Vous serez surpris d'apprendre que j'ai une tendresse particulière pour un compte-rendu de match entre Graulhet et Béziers, 0-0 dans la boue d'hiver de Pélissou au début des années 90 du siècle dernier, qu'il me fallut enluminer sous le faible éclairage d'un lampadaire, inconfortablement assis dans ma voiture de location, pour alimenter la tête de page de la séquence rugby, à l'époque où le journal était fier de son grand format. Mais, aux premières heures de l'informatique, il fallait transmettre son article en coinçant tant bien que mal des bonnettes sur le combiné d'une cabine téléphonique.

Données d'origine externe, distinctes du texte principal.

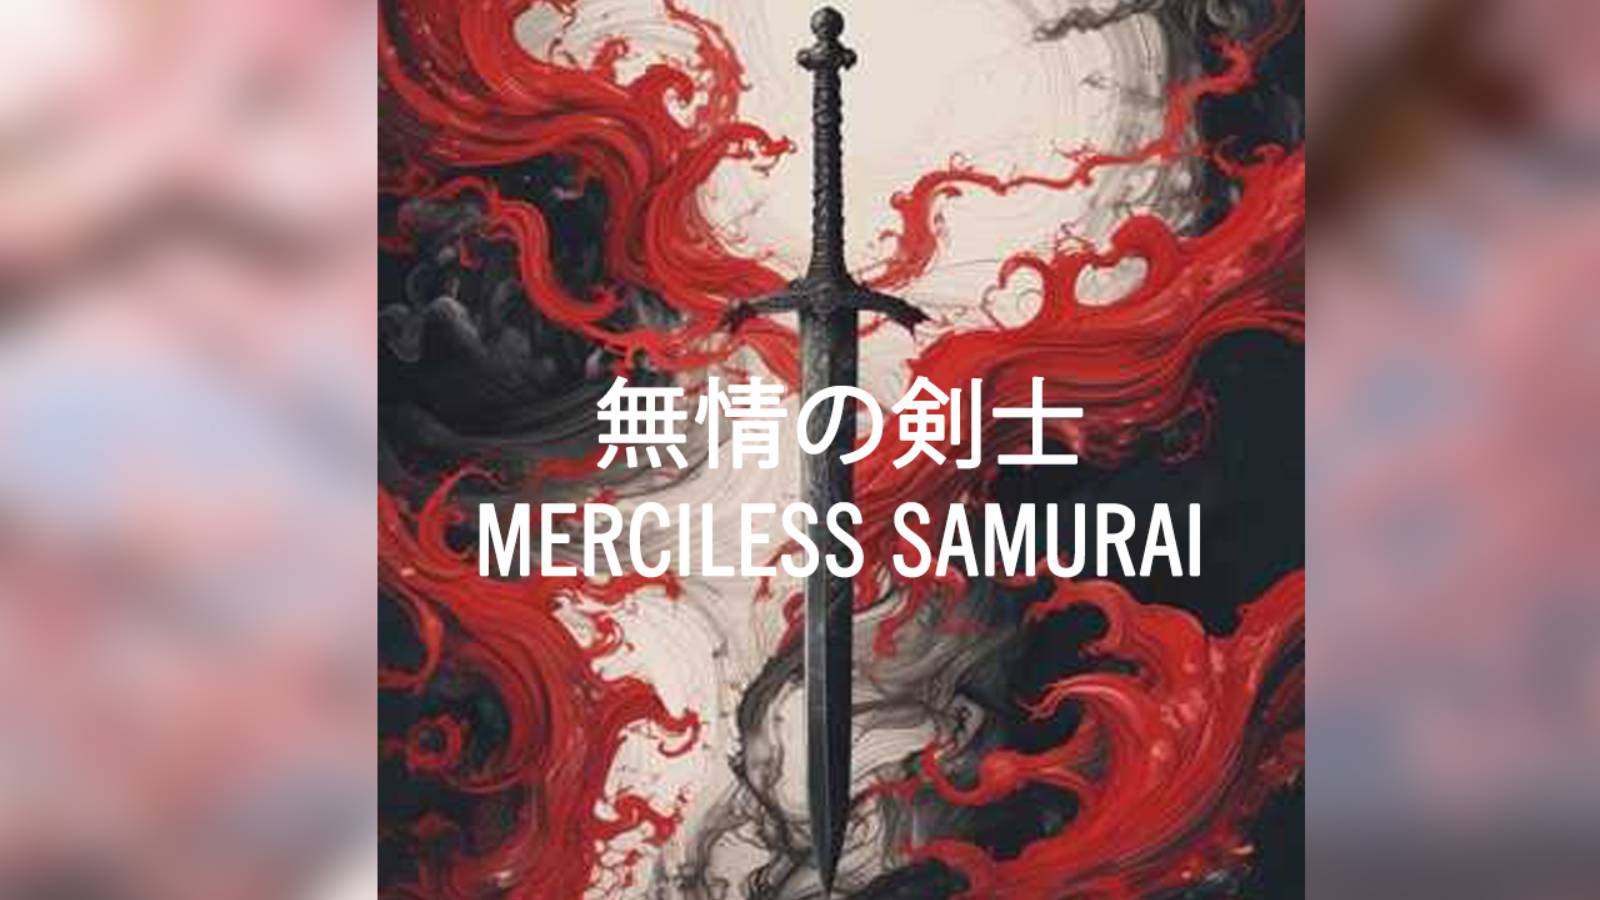 SunoAi - 無情の剣士 (Merciless Samurai)

Je raccroche les crayons, direction le Costa Rica plutôt que de subir l'hiver d'ici. Le castillan préfère parler de "jubilation" alors que nous évoquons une "retraite". Faut-il la prendre au sens spirituel du terme ? Me voilà devenu "El Jubilator" ! Et si d'aventure vous êtes tentés par la French Riviera au printemps ou à l'automne, nous nous croiserons peut-être. La vie a parfois quelques rebonds remarquables. Comme avec le ballon ovale qui est notre trait d'union, il ne faut pas trop attendre avant de s'en saisir.